Yes, Instagram. It gave rise to the toy photography community and it isn’t dead yet. Not even close to it. If most toy photographers end up staying there, I wouldn’t be at all surprised . However, this post concerns alternatives, so I’m not going to go into whether or not Instagram deserves to be abandoned. Of course, toy photographers do use other platforms – Facebook and Twitter spring to mind – but Facebook unsurprisingly suffers from all the same problems people complain about on Instagram. Twitter, meanwhile, seems infeasible as a main output for photographers due to its word-centric format (not to mention the trouble photographers who write long, poetic accompaniments for their photos, such as the wonderful @East_Mountain, would run into Twitter’s 140 character limit) it really isn’t an option. So that’s the list.

Flickr

Out of these, the platform I’ve been using the longest is Flickr. Doctor Who photos by Rooners, a Flickr user, inspired me to start toy photography, and for a while it was the only platform I used, mostly on my PC. I still rarely use the Flickr app, but to be honest I rarely use Flickr at all these days. Its metadata features have formed the basis of some defences of the platform, but I’ve never been particularly interested in metadata. And while Flickr is arguably functionally superior to Instagram in certain ways (you can upload photos in groups and have them all displayed at once, it has an albums system and groups features…), it just doesn’t feel as friendly to use for me. This is partly because the groups system isn’t as welcoming as G+ communities (more on these later).
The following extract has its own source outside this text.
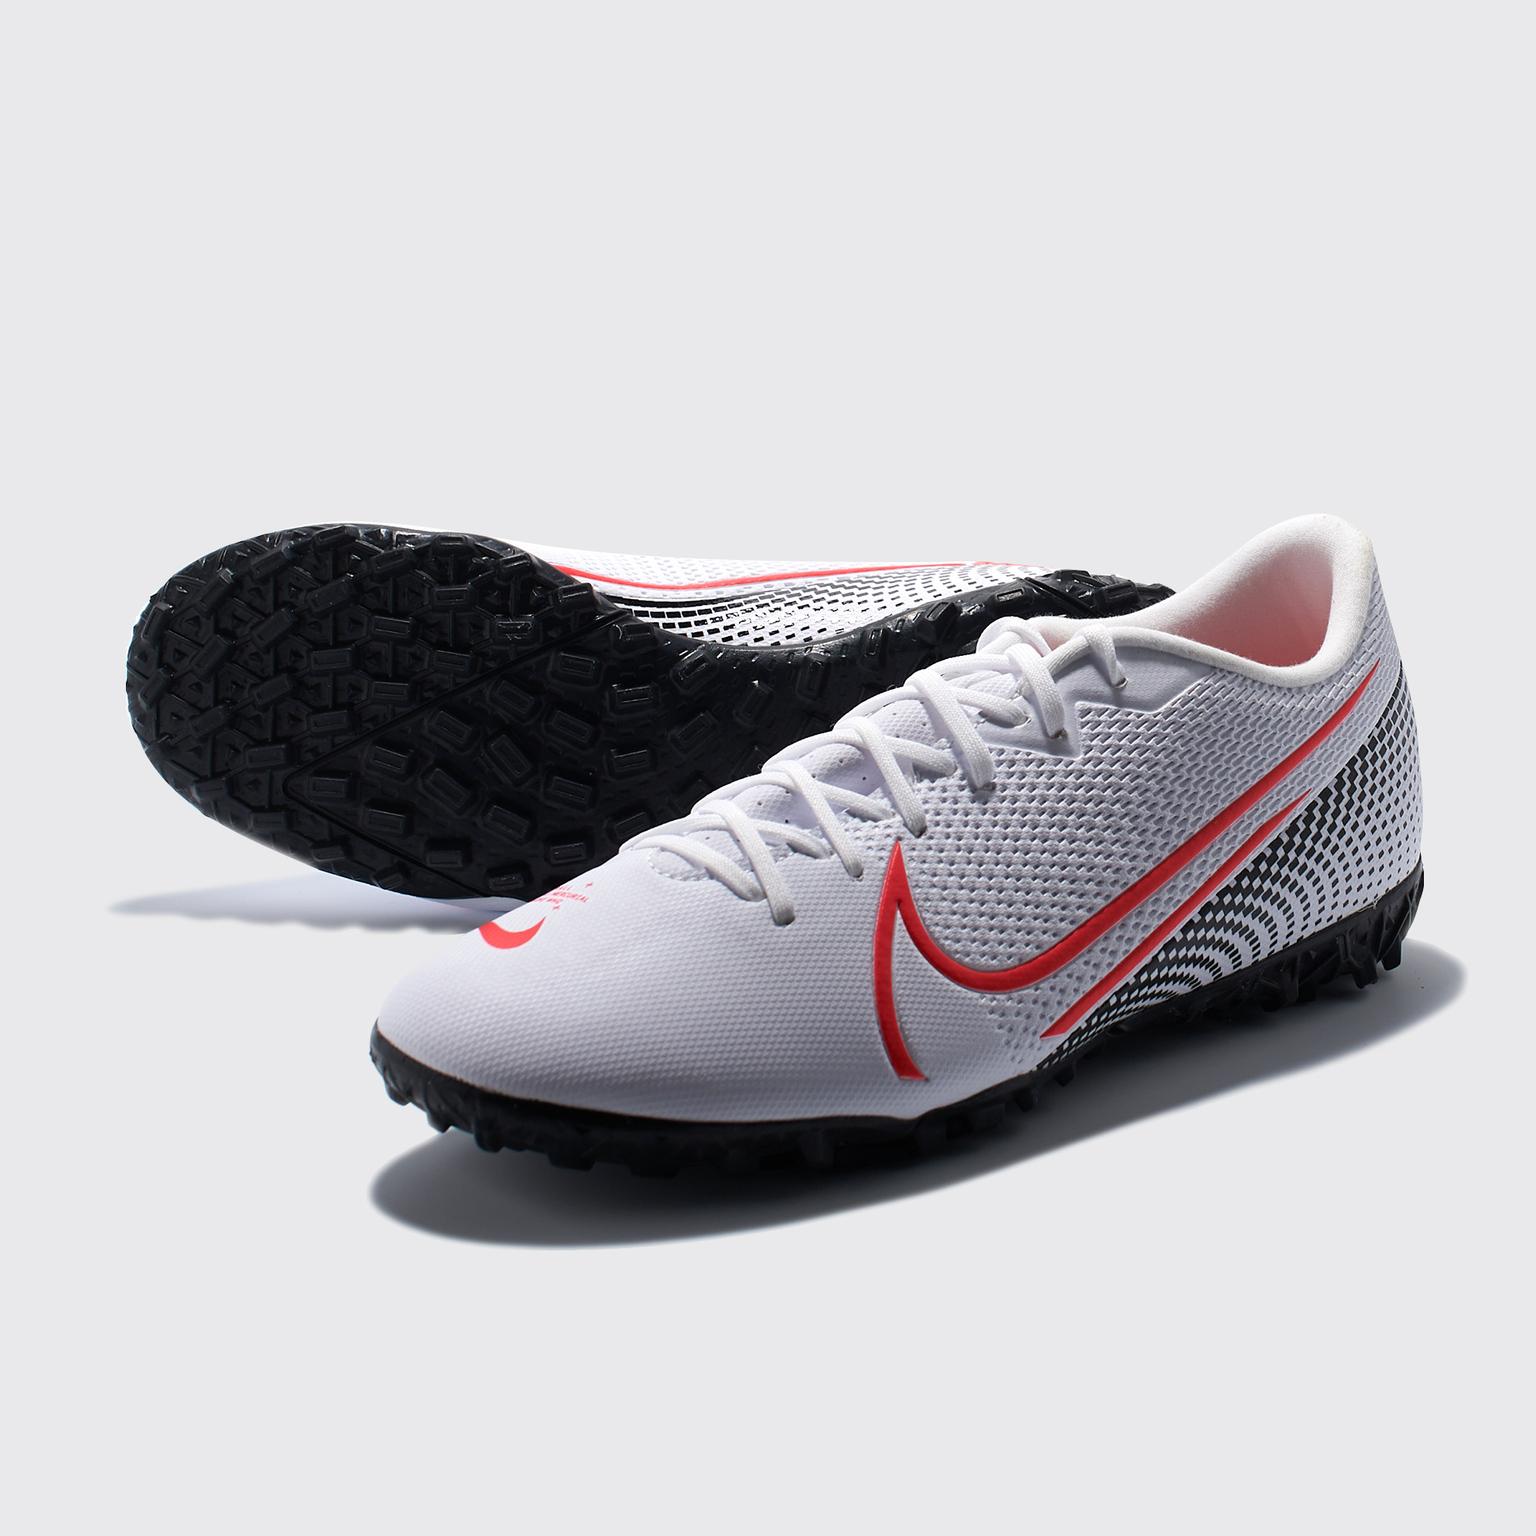 Фото - Шиповки Nike Vapor 13 Academy TF AT7996-160 шиповки детские nike vapor 13 academy neymar tf at8144 104
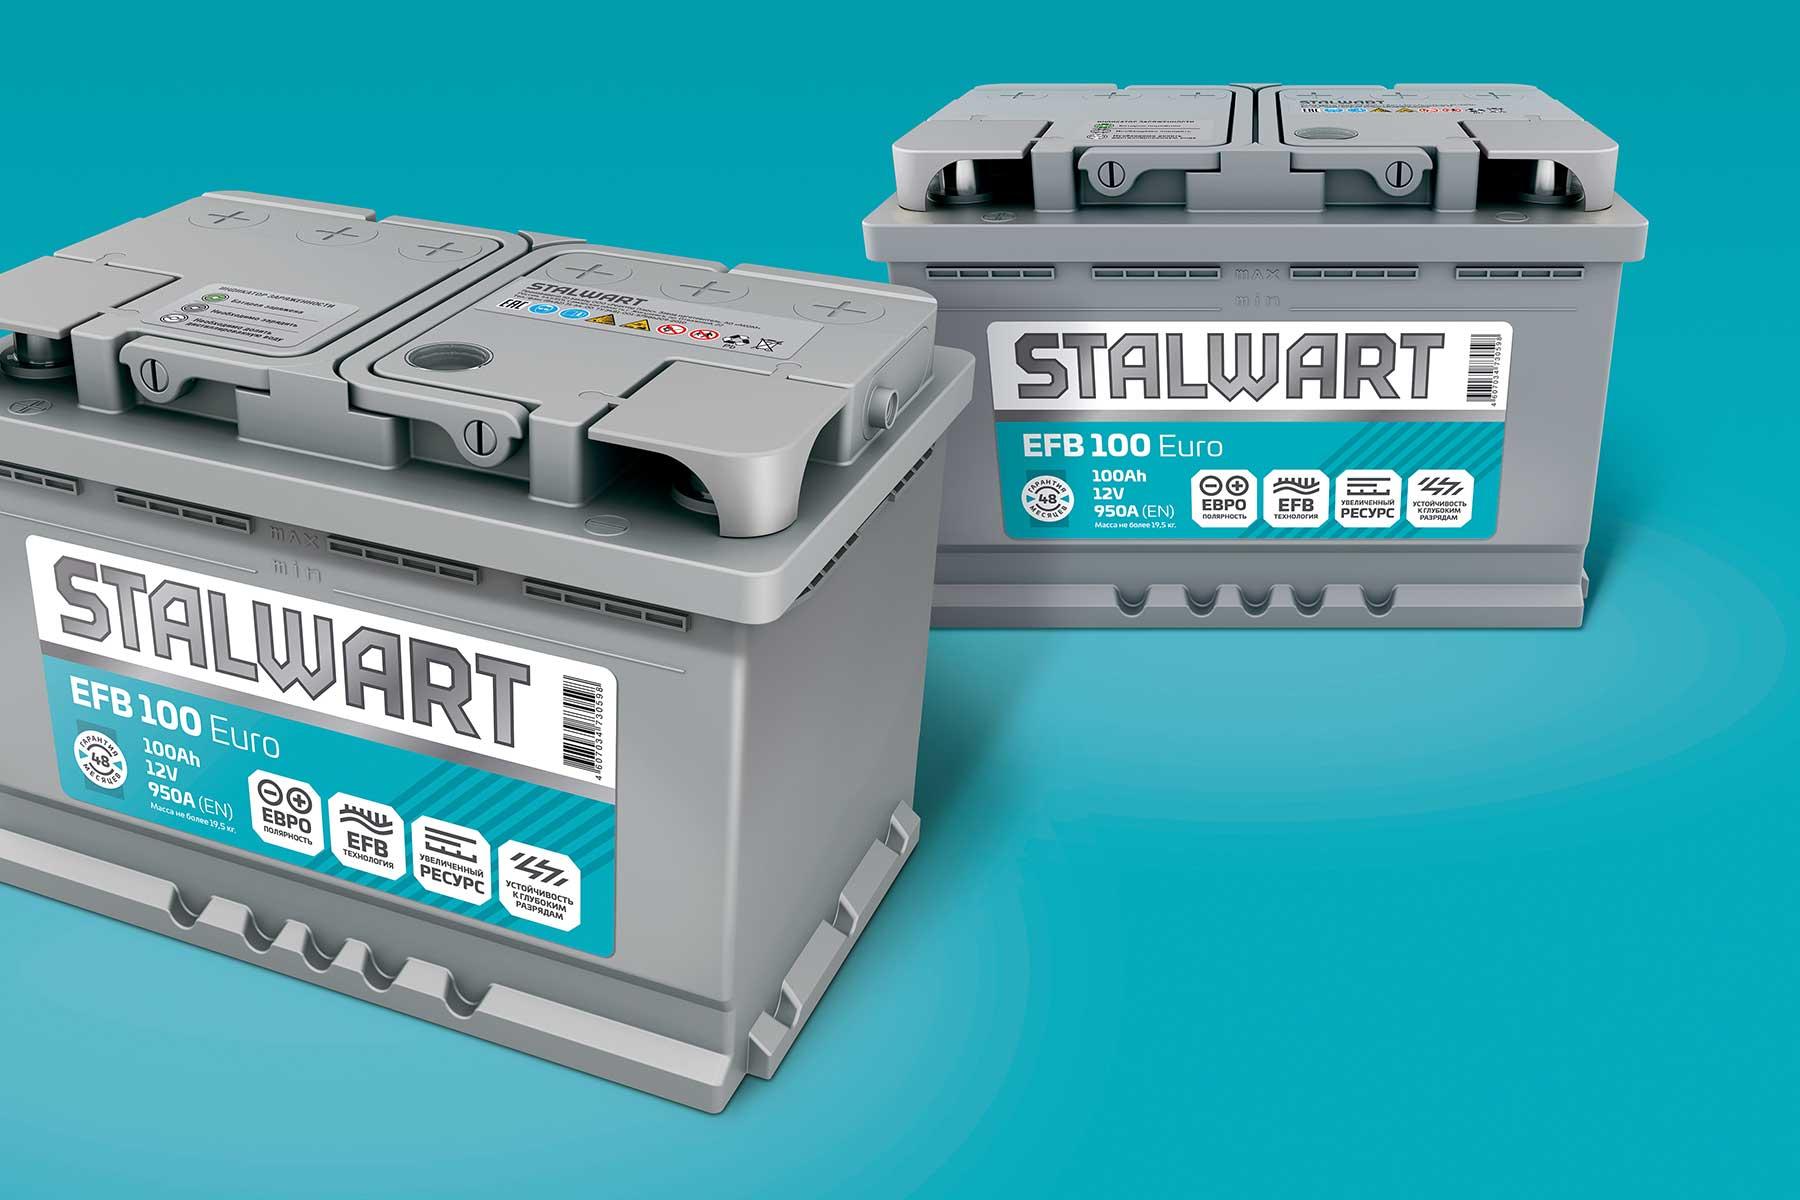 Stalwart-1-EFB-Front+Top.jpg

Another issue for me is Flickr’s design: the platform presents photos on a black backdrop, as opposed to the white backdrop of Instagram. I use my website to experiment with digital design a lot, and not once in years of near-constant redesigns have I presented my photos on anything other than a white background. It’s almost certainly largely subjective, but I simply prefer the impact of images presented on white to that of those on more colorful backdrops.

Black or white?
Eyeem and 500px

Indeed, this preference for white design is clear when considering Eyeem and 500px. While the two platforms do have slight functional differences (500px doesn’t display captions in its feed, Eyeem has a very active brand partnering competitions element, etc. etc.), in most respects they’re identical. Except, that is, for their colour scheme. Eyeem presents photos on black, 500px on white. Design isn’t my only reason to like 500px, as I do like the emphasis on storytelling with photos alone that arises from 500px’s lack of displayed captions, and that this has meant I’m following several non-anglophone accounts and enjoying their content just as much as that from anglophones. However, I think the difference in background colour is the main reason why I prefer 500px out of the two.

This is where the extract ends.